Sial memang. Jika berharap orang yang kamu perhatikan bisa memperhatikan balik setara dengan apa yang kamu berikan untuknya. Ya, anggap saja aku naïf. Mengira hukum karma itu mencakup hal ini.

Semakin kamu menyayangi seseorang, maka seseorang itupun akan balik menyayangi sebesar rasa sayang kita pula.

Tapi tentu saja tidak demikian. Hidup tidak pernah akan bersahabat dengan rencana-rencana dan harapan-harapan yang telah kamu buat.
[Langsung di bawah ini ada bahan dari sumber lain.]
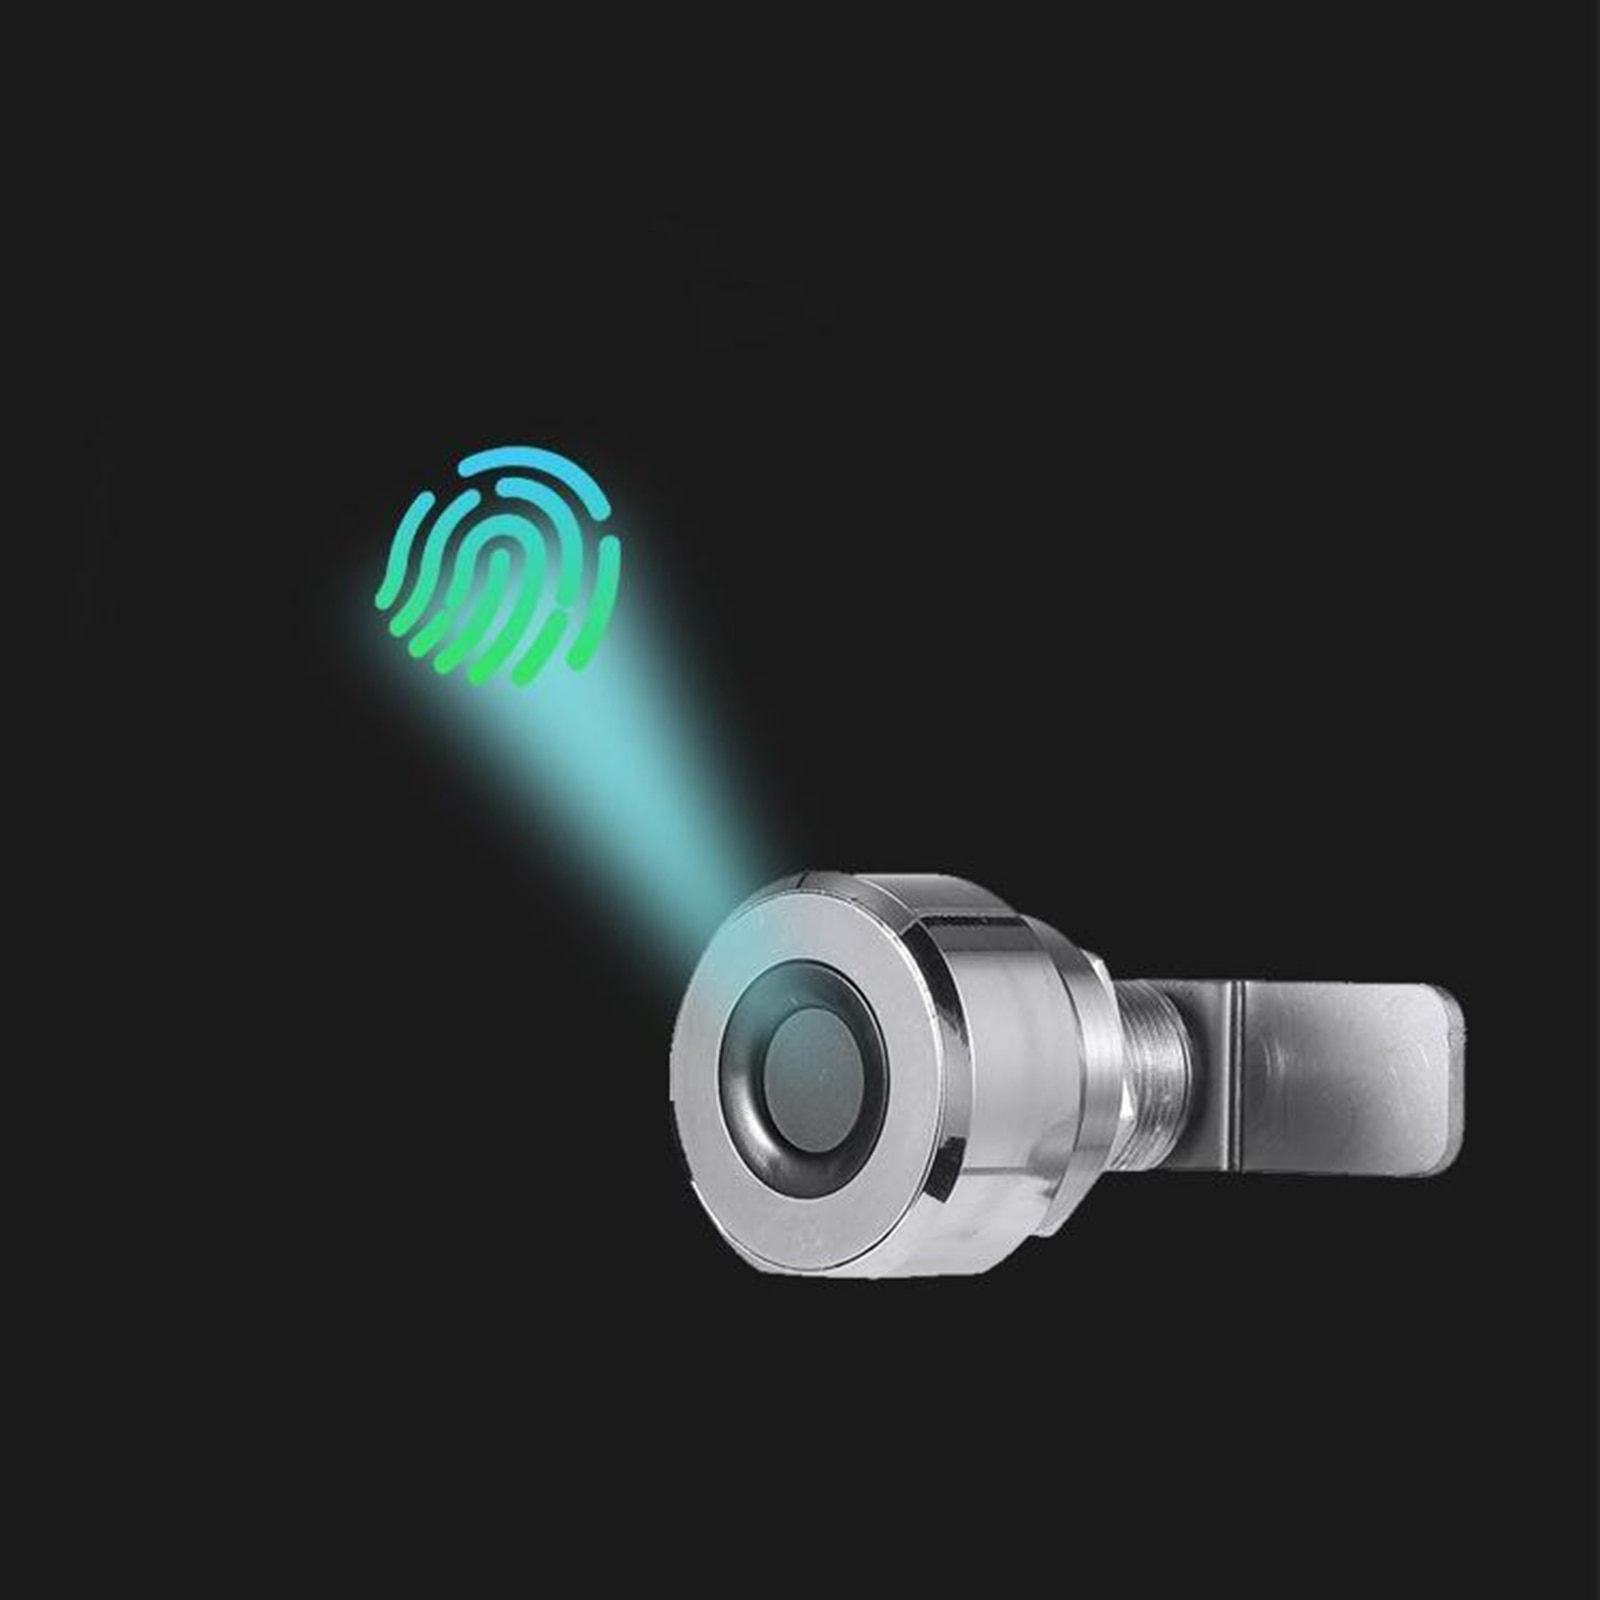 USB قابلة للشحن قفل خزانة إلكتروني قفل ببصمة الأصبع خزانة مخفية لتقوم بها بنفسك تناسب خزانة درج خشبية ، درج ، خزانة خذاء

Kejam, dan tak adil. Terutama disaat sendiri, segalanya terasa menjadi semakin berat. Karena kamu seorang diri. Karena kamu tidak punya siapa-siapa. Atau mungkin bermimpi, mempunyai siapa-siapa yang faktanya siapa-siapa itu bahkan tidak menganggapmu ada. Murni sendiri.

Bila demikian, bisa jadi hidup ini menjadi sesuatu yang menakutkan. Bisa jadi apa yang aku butuhkan sebenarnya adalah bukan sesuatu yang pernah aku harapkan, yang aku inginkan. Aku saja tak pernah yakin dengan apa yang aku rasakan. Apa yang aku butuhkan menjadi semakin semu. Menjadi sesuatu bukan air yang mengapung ditengah luasnya lautan. Merasakan hari-hari sepi tanpa berkawan.

Merasa sendiri itu sangatlah menyakitkan!

Apa yang aku alami bukanlah satu-satunya yang terjadi. Aku yakin banyak kaktus-kaktus di luar sana yang merasa begitu sunyi. Mereka punya hati walau cuma batang tanaman yang berduri. Sesuatu yang hidup yang membutuhkan teman sejati. Teman yang benar-benar mengerti. Walau dari perjalanan waktu sesuatu yang dapat menangis, kemudian berlanjut sampai sesuatu itu berubah menjadi sesuatu yang mati. 

Dan nanti mereka bisa menangis saat aku mati, mengenang masa-masa disaat aku ada, dan merasa sendiri saat aku tak ada. Orang yang menyayangi aku. 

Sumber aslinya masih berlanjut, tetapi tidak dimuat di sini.